But, as the Supreme Court acknowledged, ‘the industrial context of this case is far from usual’ (para 47). Retained Pay was not ‘an employee’s ordinary entitlement to an ongoing contractual benefit as consideration for work’, but a specific inducement to employees to encourage them to relocate rather than accept redundancy. It was also accompanied by strong statements from Tesco that the pay package was a “permanent” benefit that could not be revoked save by “mutual consent”. It is therefore not difficult to see why the Supreme Court had difficulties with the proposition that these strong words could be defeated by Tesco unilaterally dismissing the employees on notice.

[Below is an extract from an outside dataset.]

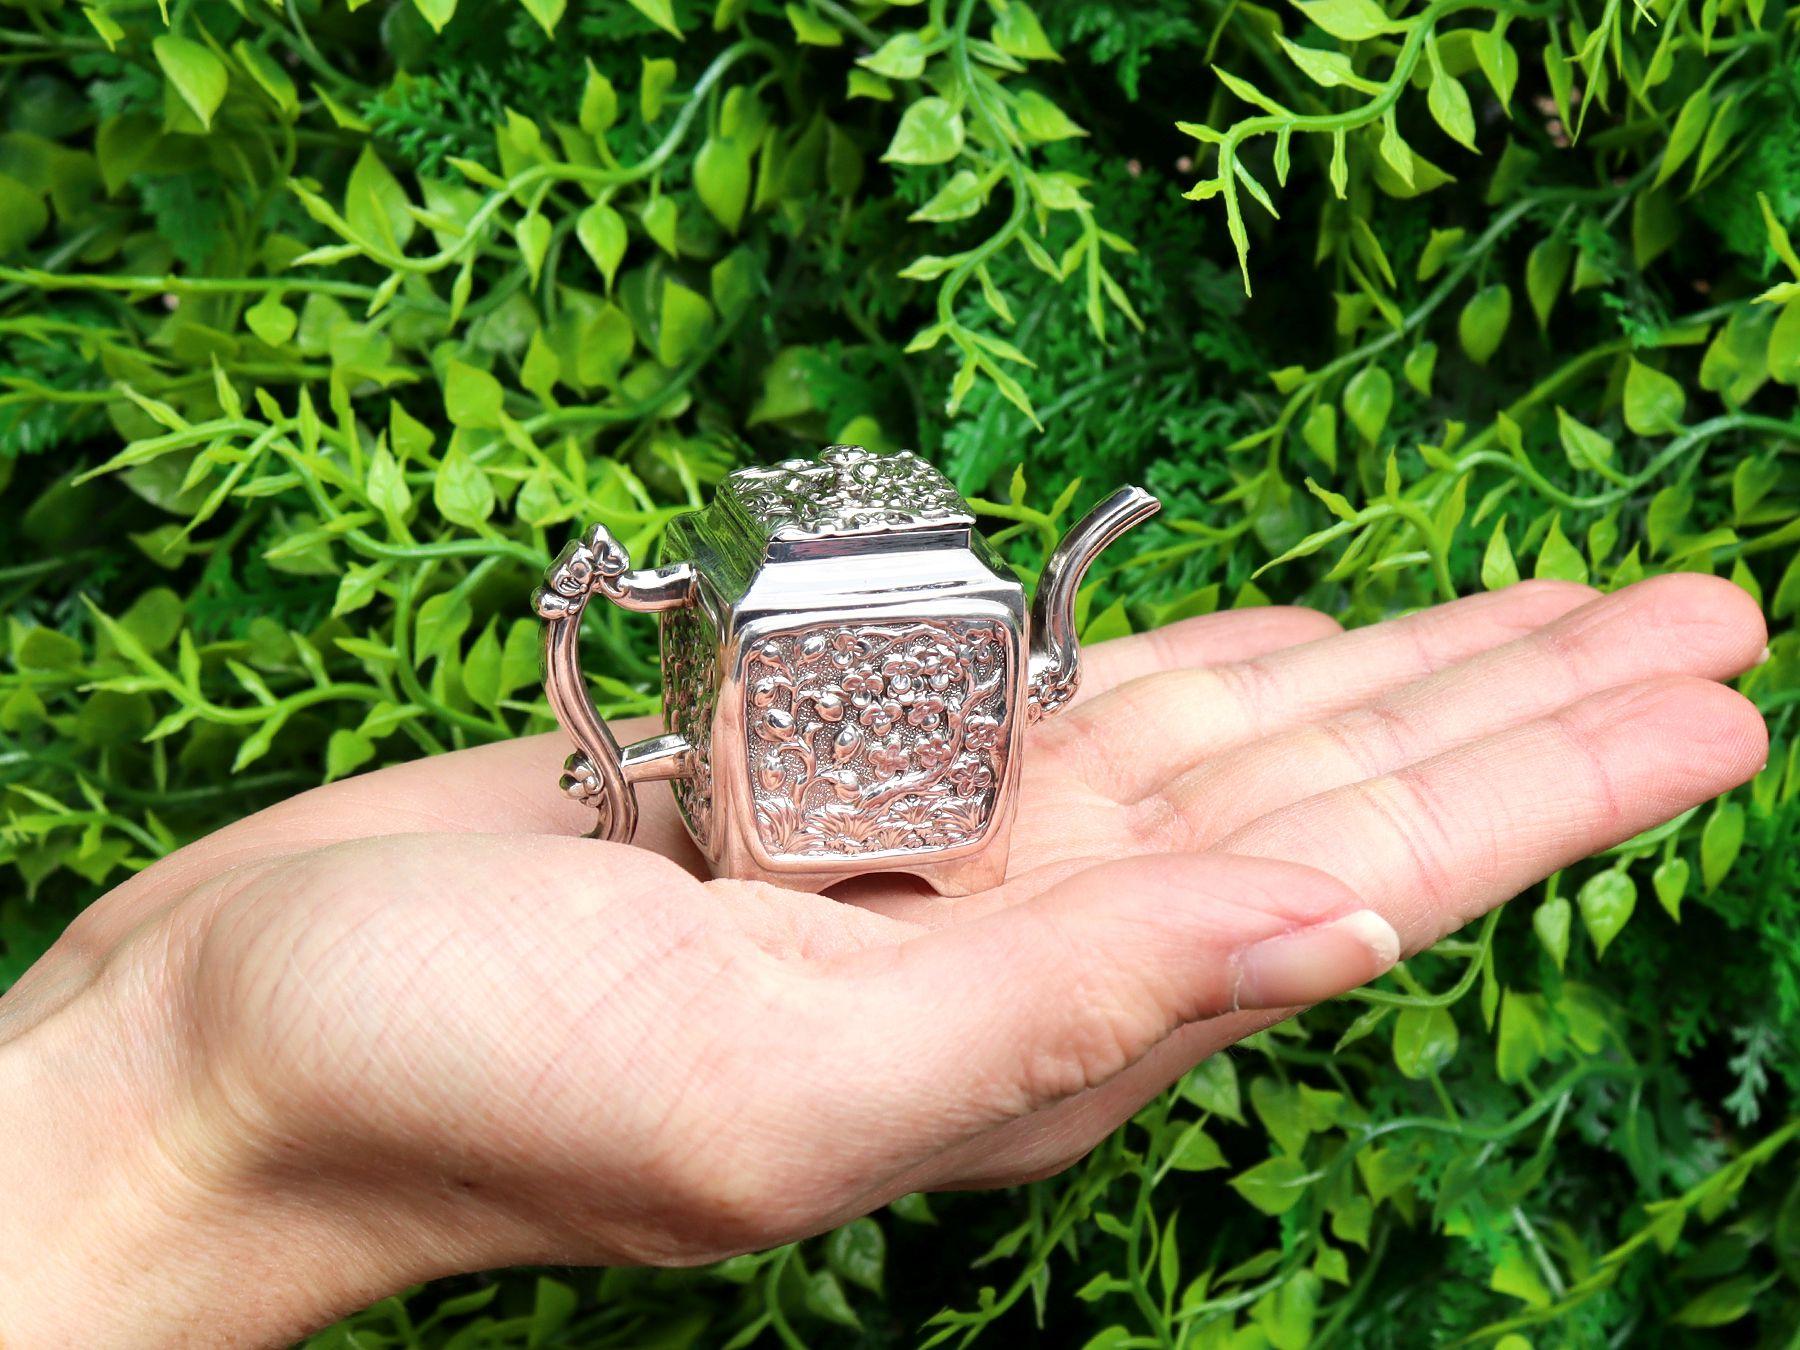 Eine außergewöhnliche, feine und beeindruckende Miniatur-Teekanne aus viktorianischem englischem Sterlingsilber im Chinoiserie-Stil; eine Ergänzung zu unserer Silber-Teegeschirr-Sammlung

Diese außergewöhnliche und seltene antike viktorianische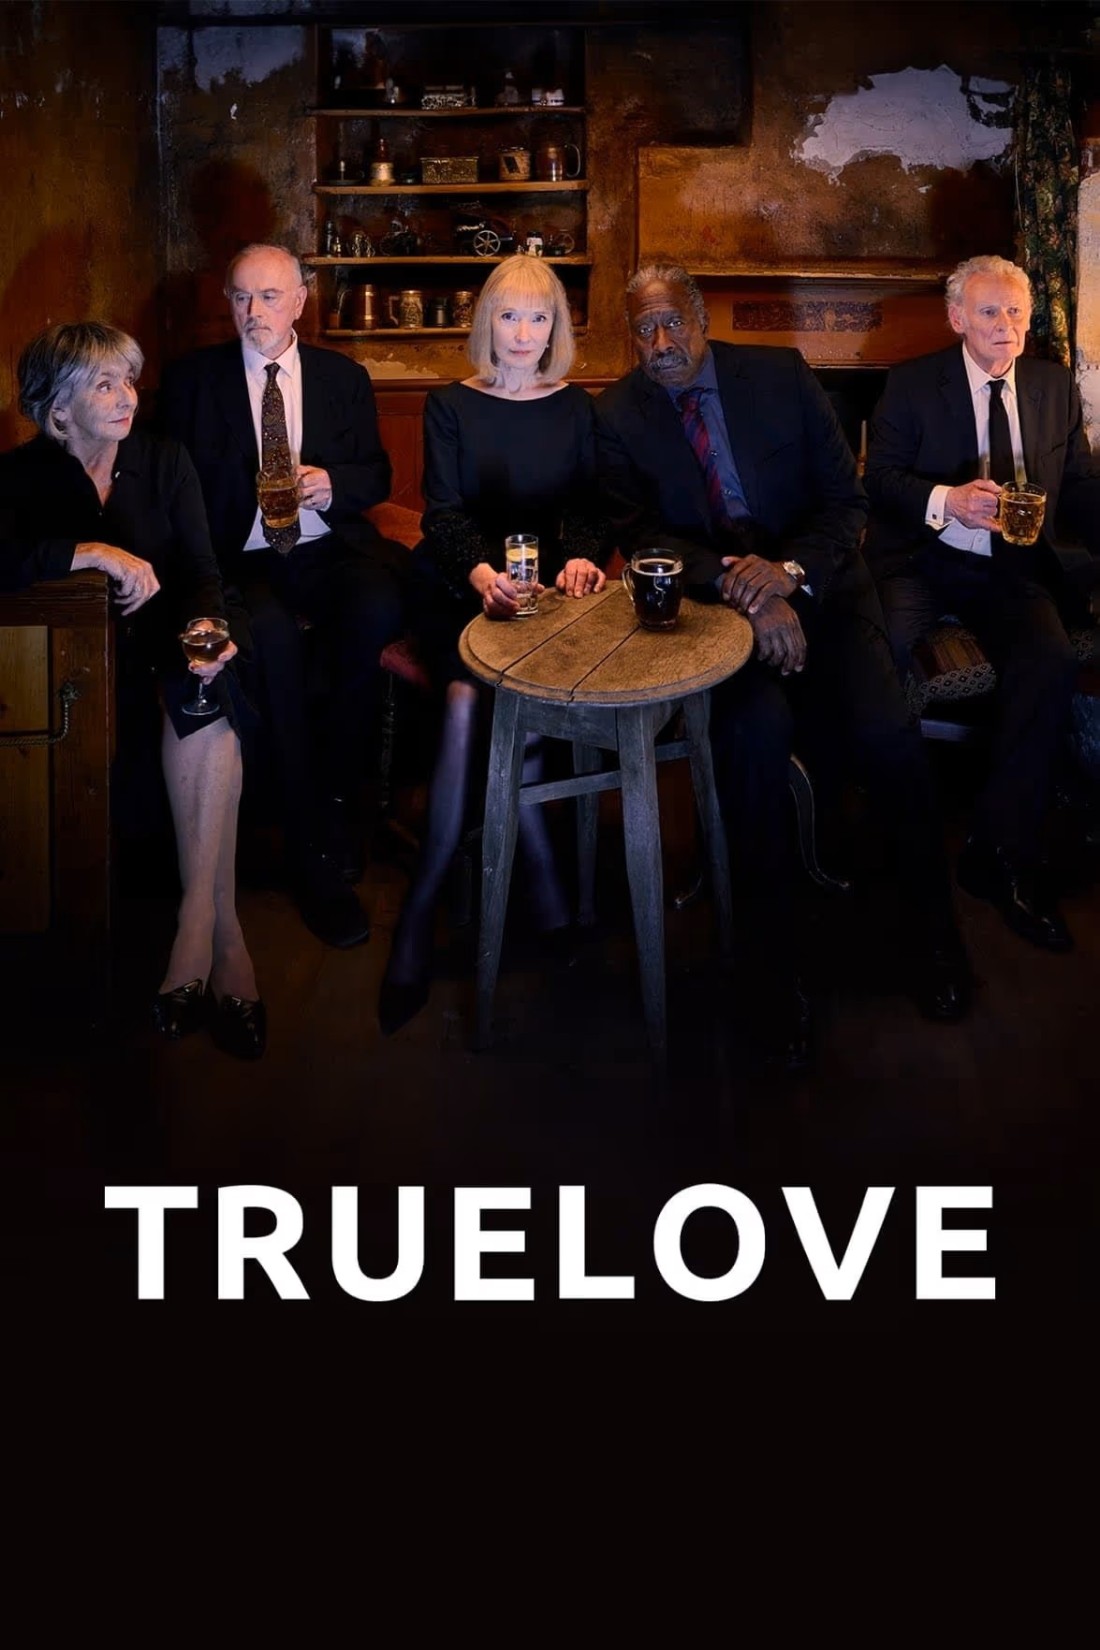 Truelove S01E03 [1080p/720p] WEB-DL (x264) 5f70eb08933db1c64a84b350553e5404

Those looking to extract a wider principle that “fire and rehire” is not possible where it affects an employee’s pay are likely to be disappointed. The Supreme Court was clear that this was not a case involving the ordinary wage-work bargain, and what distinguishes the Retained Pay clause is the additional wording about its permanent nature. Had that wording not been included, the outcome would likely have been different. Indeed, at paragraph 44 of its judgment the Court identified that Tesco could have avoided this outcome either by providing a longstop date for the expiry of Retained Pay, or adding a clause expressly permitting fire and rehire.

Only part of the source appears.